А если попробовать несколько иначе расставить акценты. Может быть, дело не в торжестве одного над другим? Если следовать логике представлений о близнецах брате и сестре, предках-покровителях, то Иван Купала встает в один ряд с другими календарными праздниками, в которых на равных участвуют мифологические мужской и женский персонажи. Например, в масленичной обрядности мы находим те же свадебные мотивы, те же костры, то же чествование солнца, то же сжигание чучела. Просто в Купале это более ярко выражено, потому что это праздник наивысшего расцвета жизни, летнего солнцесостояния. В то же время это – пограничное время, после которого следует поворот на зиму. В этот праздник одинаково чествуют обоих близнецов: мужчину и женщину, огонь и воду, брата и сестру. Это пограничное время, и потому нужно вспоминать о начале творения. И в этом смысле упоминание об инцесте уместно. Да, он ведет к возвращению близнецов в нерасчлененное, андрогинное существование, к смерти. Но эта смерть в то же время дает начало новой жизни – поколению людей. Свадьба, соитие предков-покровителей обусловила и разгульный, эротический характер праздника. Люди подражали своим предкам-покровителям. Отсюда – торжество коитуса. А сжигание чучела – это ритуальные проводы предка-покровительницы в ее мир. С другой стороны, почему провожали только ее, ведь они оба пришли в сакральное, праздничное время из того мира? Может быть, потому, что она, в первую очередь, связана со смертью. Об этом говорят факты из мировой мифологии. Смерть, тьму нужно проводить, обезопасить себя от ее воздействия сразу же после совместного участия в обрядах. Но, может быть, до нас просто не дошли, не сохранились обряды таких проводов мужского персонажа праздника? А может быть, пускание горящего колеса с горы в реку – это и есть проводы мужского персонажа (огня)? Или его уход – в простом догорании костров?

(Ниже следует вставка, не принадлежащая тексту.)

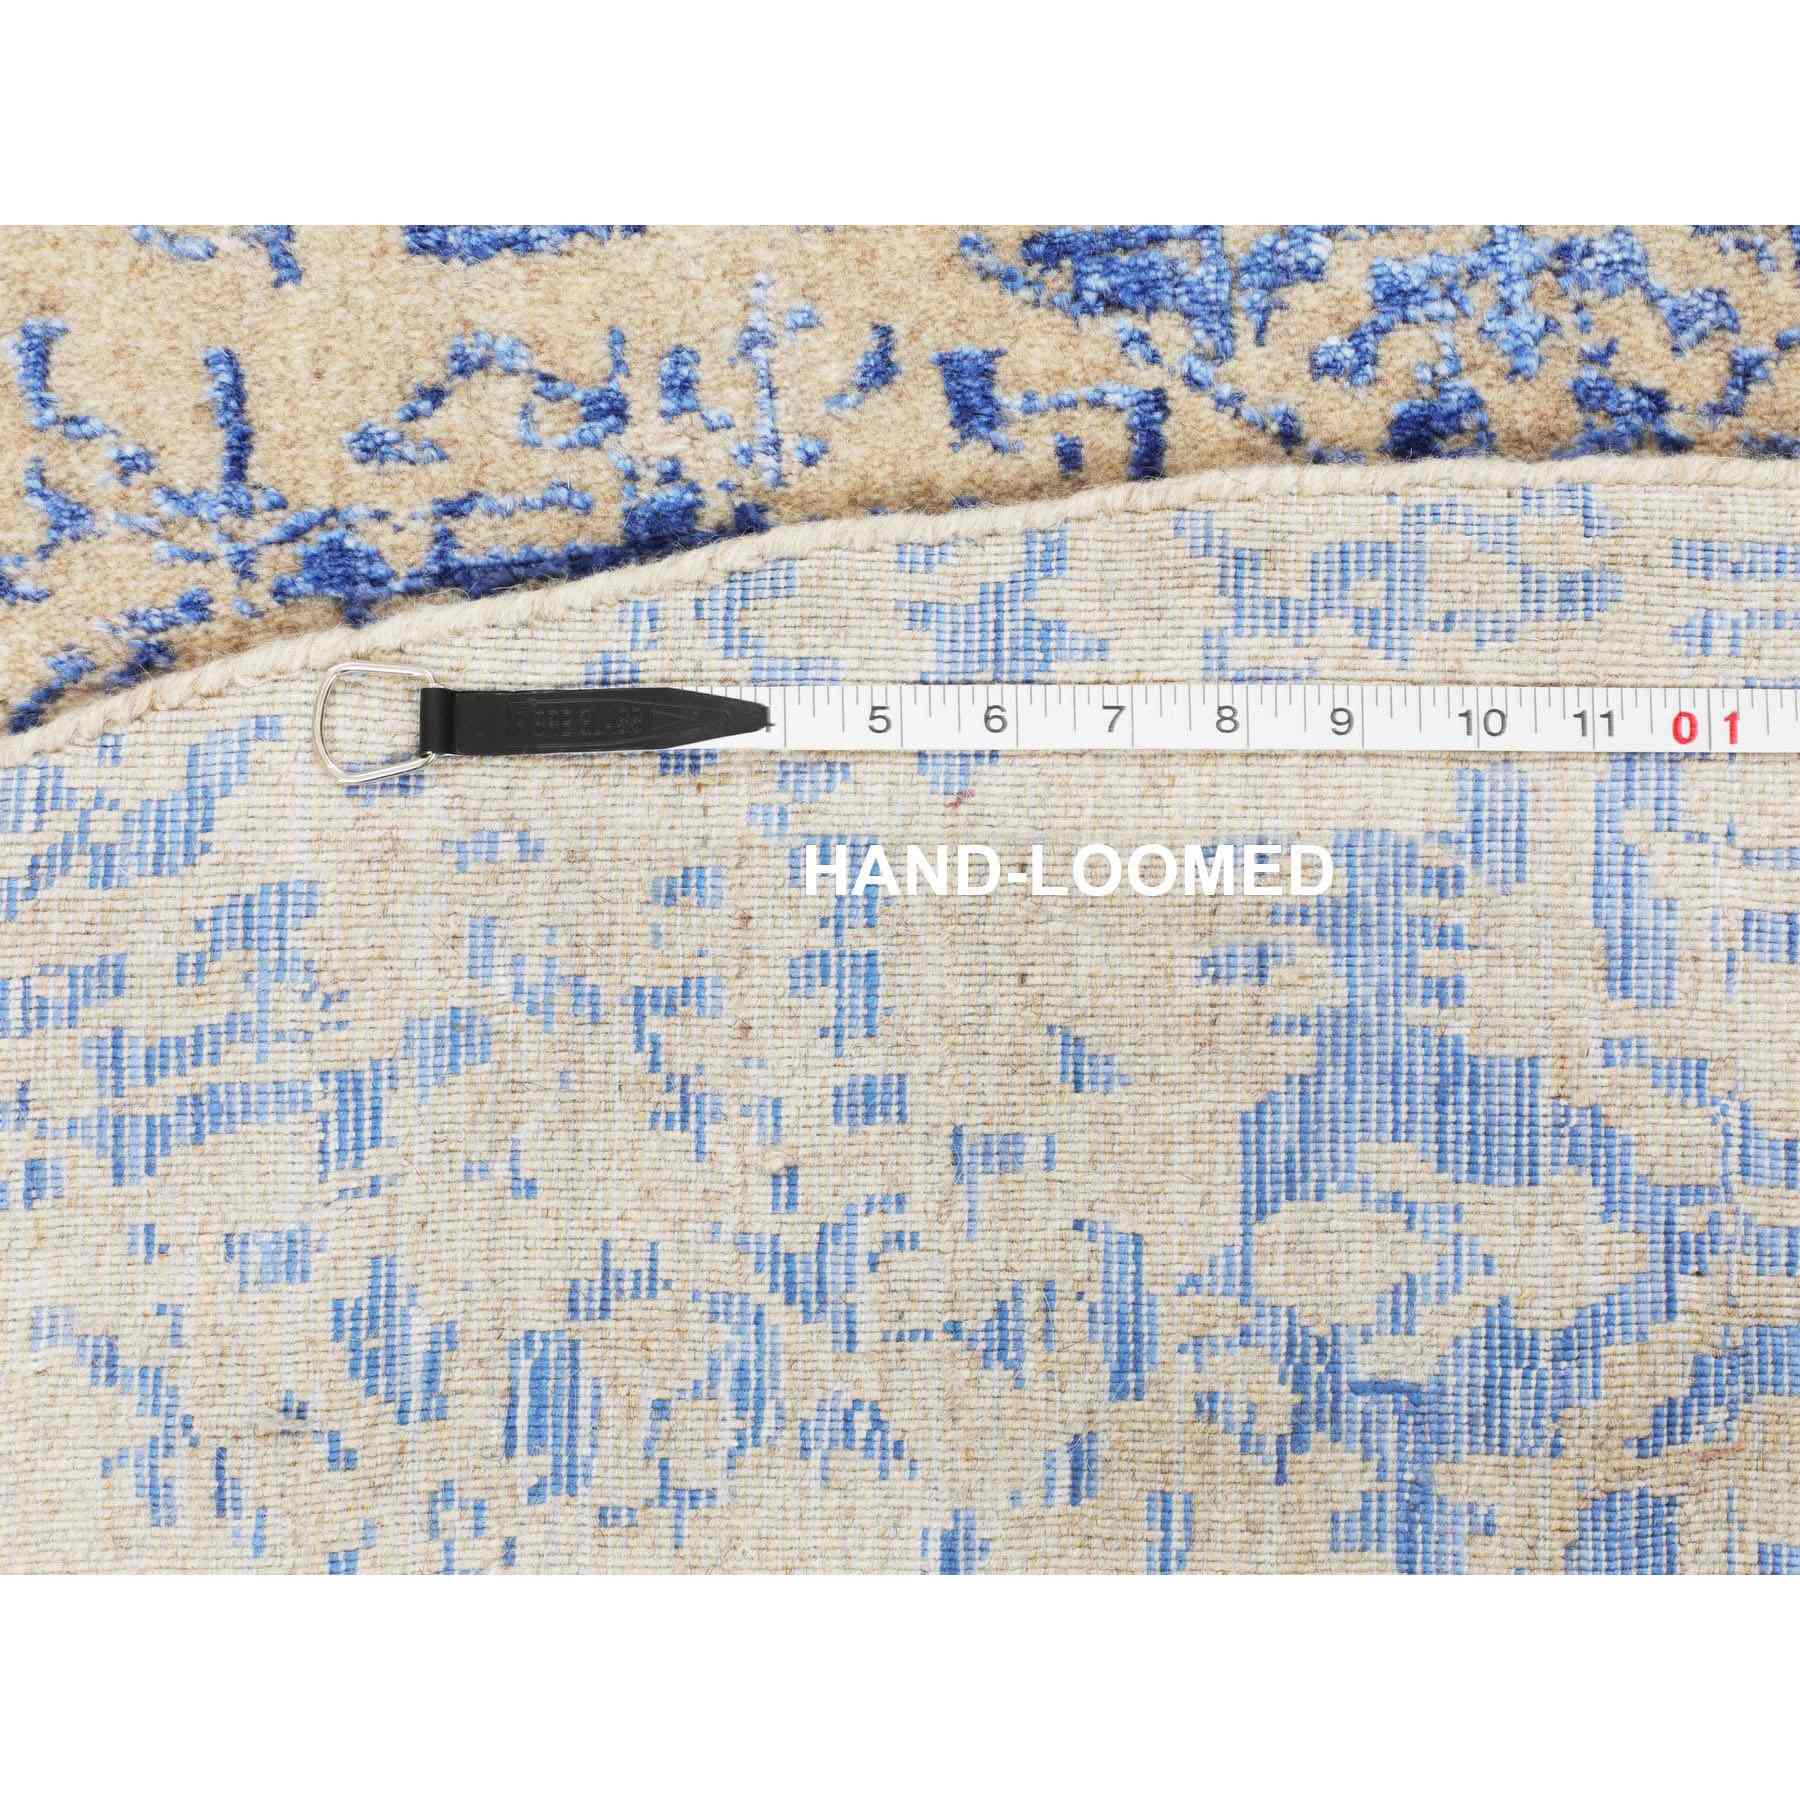 Mamluk-Hand-Loomed-Rug-290590

В то же время пение песен о совершенном инцесте (и не только с сюжетом об иван-да-марье) могло иметь ту же функцию, что и в наших быличковых сюжетах – т. е. отгонную? Ведь девушкам, участвовавшим в празднике, необходимо было обезопасить себя от огненного змея. Например, хорватские ладарицы, обходившие дома в канун Иванова дня, пели песни о бабе Марте и девяти ее братьях, в которых содержался намек на инцестные отношения, словенцы исполняли в Иванов день баллады об инцесте [Агапкина. Календарь. С. 521] [см. также раздел «Крещение и похороны кукушки» в главе «Змеи в народном календаре»].

Естественно, что возникает вопрос: почему змей не выносит даже упоминания об инцесте? Понятно, что в человеческом экзогамном обществе кровосмесительные отношения запрещены. «Активное развитие темы инцеста в фольклоре, – пишет Т. А. Агапкина, – объясняется исследователями спецификой фольклорного сознания, спроецированного на проблемы поддержания традиционных норм, представлений о мире и правил поведения, а также на выработку способов их защиты и прогнозирования последствий их нарушения» [СД II. С. 418].

Но это объяснение не проливает света на вопрос о том, почему инцест является «табу» и для существа мифического? Тем более, что существо это отнесено к разряду предков-покровителей и что происхождение человеческого рода, согласно мифологическим представлениям, ведет свое начало как раз от инцеста первопредков?

Пока у нас больше вопросов, чем ответов. Мы вряд ли сможем объяснить поведение мифического змея-любовника. На данном этапе исследования нас прежде всего будут интересовать не генезис мотива инцеста и не его семантика. Нам важно показать сохранившиеся рудименты этого мотива и его возможные трансформации.